Yapılan yargılamaya, toplanıp karar yerinde gösterilen delillere, mahkemenin kovuşturma sonuçlarına uygun olarak oluşan kanaat ve takdirine, incelenen dosya kapsamına göre, katılanlar vekilleri ve sanıklar müdafiilerinin temyiz itirazlarının reddiyle hükümlerin ONANMASINA,
3- Sanıklar ..., ..., ..., ..., ... hakkında nitelikli dolandırıcılık ve resmi belgede sahtecilik suçlarından kurulan mahkumiyet hükümlerine yönelik temyiz taleplerinin incelenmesinde;
Sanıklar ..., ... ve ..."in satış işlemi ile ilgili olarak sahte belgelerin tanzimi, murise ait eski kayıtların elde edilmesi, katılan ... adına ..."in fotoğrafı bulunan sahte nüfus cüzdanının temini, bu nüfus cüzdanı ile talep belgesinin muhtarlıktan alınıp sanık ..."e verilmesi ve sanık ..."i katılanlar ile bir araya getirmeleri aşamalarında birlikte hareket etmiş olmaları, tapu işlemleri, para alış verişi ve bonoların tanzimi sürecinde sanık ..."ın kendisini avukat olarak tanıtıp, sanık ..."ın yanında bulunarak işlemlerin takibini sağladığının anlaşılması karşısında mahkumiyetlerine yönelik mahkemenin kabulünde isabetsizlik görülmemiştir.

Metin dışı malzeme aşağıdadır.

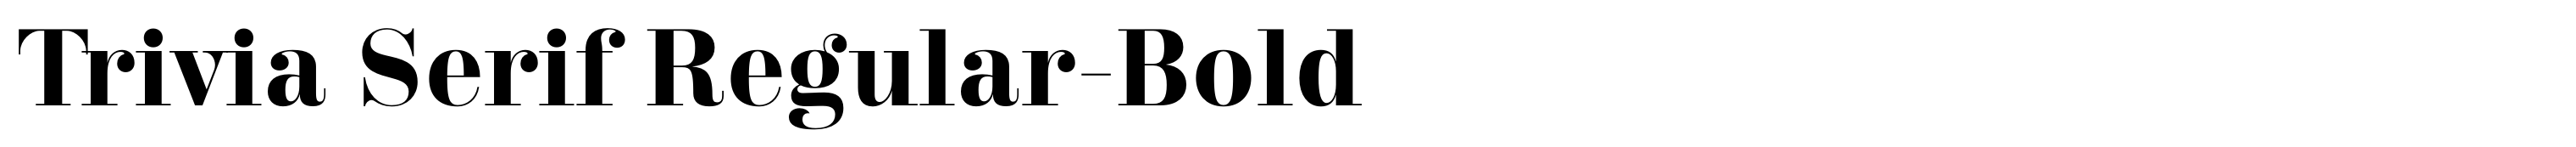 Trivia Serif Regular-Bold

Yapılan yargılamaya, toplanıp karar yerinde gösterilen delillere, mahkemenin kovuşturma sonuçlarına uygun olarak oluşan kanaat ve takdirine, incelenen dosya kapsamına göre yerinde görülmeyen sair temyiz itirazlarının reddine, ancak;
a) Yargıtay Ceza Genel Kurulu"nun 18.06.2013 tarih ve 2012/15-1351-2013/328 E-K sayılı ilamında da vurgulandığı üzere, kanun koyucu, cezanın kişiselleştirilmesinin sağlanması bakımından hâkime somut olayın özellikleri ve işlenen fiilin ağırlığıyla orantılı bir şekilde gerekçesini de göstererek iki sınır arasında temel cezayı belirleme yetki ve görevini yüklemiştir. Ancak, hâkimin temel cezayı belirlerken dayandığı gerekçe, bu düzenlemelere uygun olarak; suçun işleniş biçimi, suçun işlenmesinde kullanılan araçlar, suçun işlendiği zaman ve yer, suç konusunun önem ve değeri, meydana gelen zarar veya tehlikenin ağırlığı, failin kast veya taksire dayalı kusurunun ağırlığı, güttüğü amaç ve saik ile dosya içeriğine yansıyan bilgi ve belgelerin isabetli biçimde değerlendirildiğini gösterir biçimde yasal ve yeterli olmalıdır. Bu açıklamalar ışığında, sanıkların suç kastının yoğunluğu ve katılanlardan elde edilen menfaat miktarı göz önünde bulundurularak, hüküm kurulurken, TCK"nın 3/1. maddesi uyarınca işlenen fiilin ağırlığıyla orantılı olacak şekilde takdir hakkının kullanılması suretiyle alt ve üst sınırlar arasında bir belirleme yapılması gerekirken, 5237 sayılı TCK"nın 61. maddesinde sayılan kriterler esas alınmadan, hak ve nesafet kuralları ile orantılılık ilkesine aykırı olarak hapis cezasının alt sınırdan daha fazla uzaklaşılmak suretiyle tayin edilmesi gerekirken yazılı şekilde eksik cezaya hükmolunması ve ayrıca sanıklar hakkında nitelikli dolandırıcılık ve resmi belgede sahtecilik suçlarından kurulan mahkumiyet hükümlerinin gerekçesinde alt sınırdan ceza tayini uygun görülmüş olduğu belirtilmesine rağmen hüküm kısmında alt sınırdan uzaklaşılıp teşdit uygulanarak çelişkiye düşülmek suretiyle 5271 sayılı CMK"nın 230. maddesine aykırılık oluşturulması,
b) Adli sicil kayıtlarına göre sanık ..."ın Antalya 4. Asliye Ceza Mahkemesi"nin 2005/156 esas, 2007/1050 karar sayılı ilamı ile 19/03/2008 tarihinde kesinleşen hapisten çevrili adli para cezası ile sanık ..."in Nevşehir Ağır Ceza Mahkemesi"nin 2008/6-99 karar sayılı ilamı ile 24/06/2008 tarihinde kesinleşen hapis cezası bulunması karşısında tekerrüre esas mahkumiyeti bulunan sanıklar hakkında 5237 sayılı TCK"nın 58/6. maddesi uyarınca mükerrirlere özgü infaz rejiminin uygulanmasına karar verilmemesi,
Kanuna aykırı olup, katılanlar vekilleri ile sanıklar müdafiilerinin temyiz itirazları bu nedenle yerinde görüldüğünden, 5320 sayılı Kanun"un 8/1. maddesi gereğince uygulanması gereken 1412 sayılı CMUK"nın 321. maddesi uyarınca, hükümlerin BOZULMASINA, 06/02/2018 tarihinde oybirliğiyle karar verildi.